# Phone number setup



## arriba! (May 23, 2006)

I would like to modify the phone number my DVR dials into in order to be able to use it during an upcoming vacation to Baja. For this I first need to know what the regular phone number the receiver now dials into. Does anybody know? And secondly, I would need to be able to change the initial dialing string to be able to dial a long distance code from there. Does anybody know if this can de achieved?

Thanks!!!


----------



## James Long (Apr 17, 2003)

From all signs the receivers are calling a toll free number. These are not normally reachable from outside of the United States. If your receiver does complete the call it E* will be aware of your location and could deactivate your receiver. Receivers should ONLY be connected to the phone line at the service address.

Unless you are operating under an RV exemption receivers should only be used AT your service address as well.


----------



## arriba! (May 23, 2006)

I guess youre right James. 

Thanks for responding!


----------



## DRATIFK (Dec 3, 2004)

arriba! said:


> I guess youre right James.
> 
> Thanks for responding!


I have sunrocket VOIP service and the phone number goes with me whereever I go because basically its a little box I connect to the router.

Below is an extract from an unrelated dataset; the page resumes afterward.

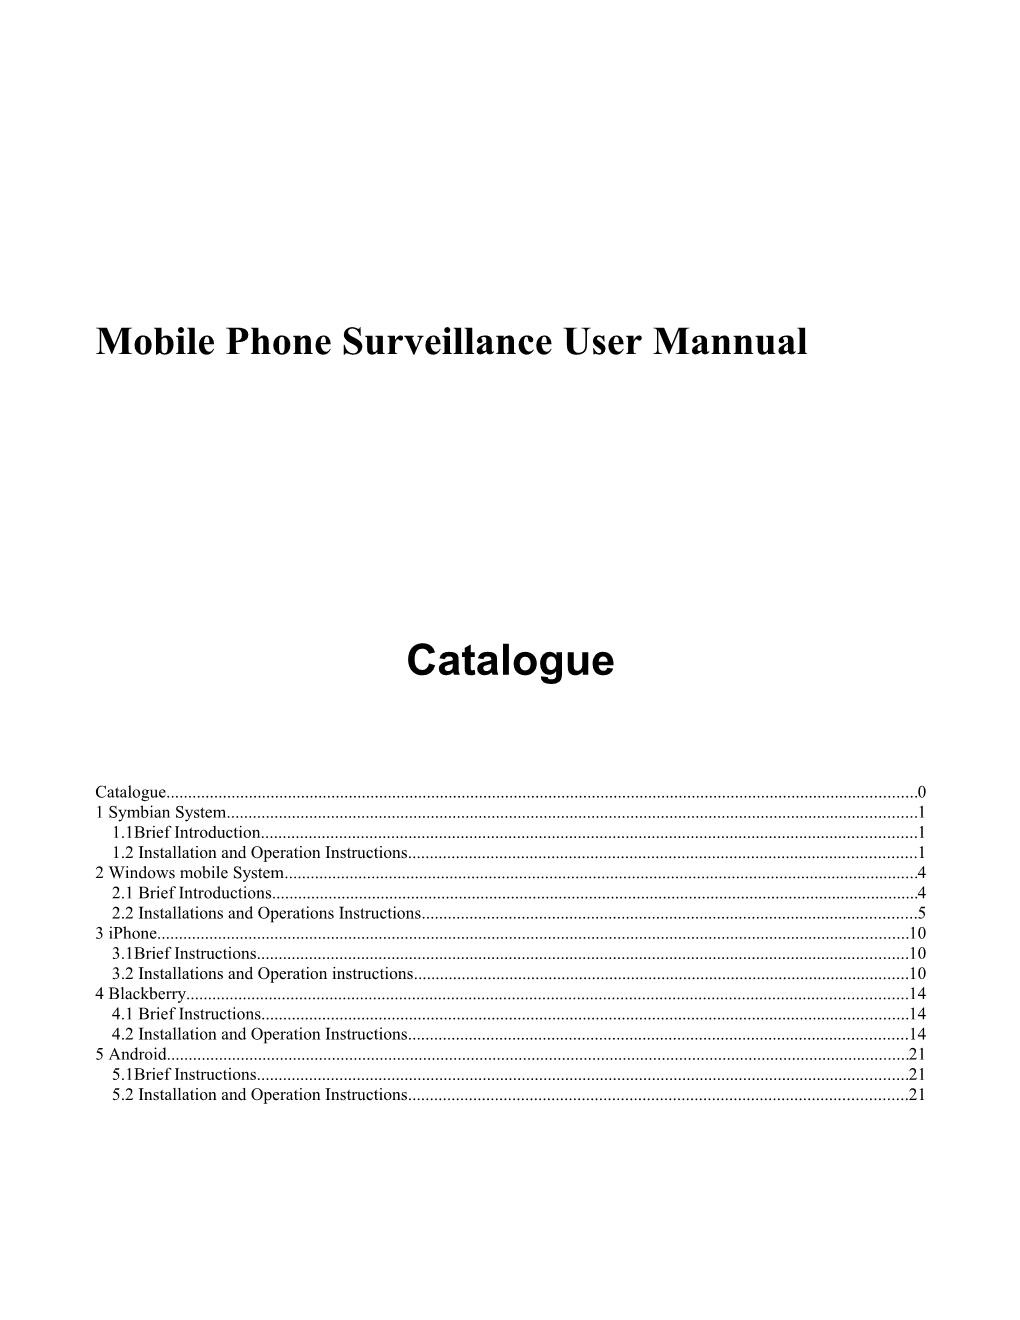 Mobile Phone Surveillance User Mannual

DISH 622 and all dish receiver have no problem with sunrocket.


----------



## ZigSteenine (Apr 18, 2006)

James Long said:


> Unless you are operating under an RV exemption receivers should only be used AT your service address as well.


Ah come on. The man is paying for it. There is no problem with taking his receiver on vacation and it should work fine without the phone line hooked to it. He is not trying to cheat Dish.


----------



## ClarkBar (Mar 5, 2006)

I unplugged the phone line from my 622 during a severe bout of lightning. Next day, I got an onscreen message that said if I did not keep my phone line connected all the time, I would get charged for a second receiver. I have only the 622 activated at this time. 

I sent an e-mail to Dish and told them that I unplug all phone lines and OTA coax, some AC plugs, etc, during storms, since I have lost over $10,000 worth of electronics from lightning strikes, including a motherboard that got zapped via the phone line plugged into the modem. I said that I wanted to go on record that if lightning took out my 622 while the phone line was connected, I would expect Dish to replace the unit. 

I got a nice reply, in which they said they were sorry for the inconvenience. And that they were forwarding my remarks to engineering. I put the phone line through a spike protector, for what that is worth. I have found pieces of tower-mounted antennas all over the yard after a lightning strike. There is only one way to protect electronics from lightning. Pull the AC plug, pull the coaxes and pull the phone lines. I have charred ham-radio gear to prove my point - along with a TV, a couple of phones, a clock, and so on. 

They need to lighten up and not start messaging us until the phone has been disconnected for a week or so - at the minimum. I foget to connect it after a storm. 

I used to move my 508 between my house and ranch without a phone connection. As I recall, there was even something in a manual about this being okay. Kind of an oversized Pocket Dish.


----------



## James Long (Apr 17, 2003)

I've lost some expensive equipment at work thanks to phone line lightning problems. We ended up buying cheaper equipment ($1500 vs $3500) that was less sensitive to the issue (also less features) and grounding everything that we could. We can't disconnect the phone line.

Some locations have more problems with lightning than others.


----------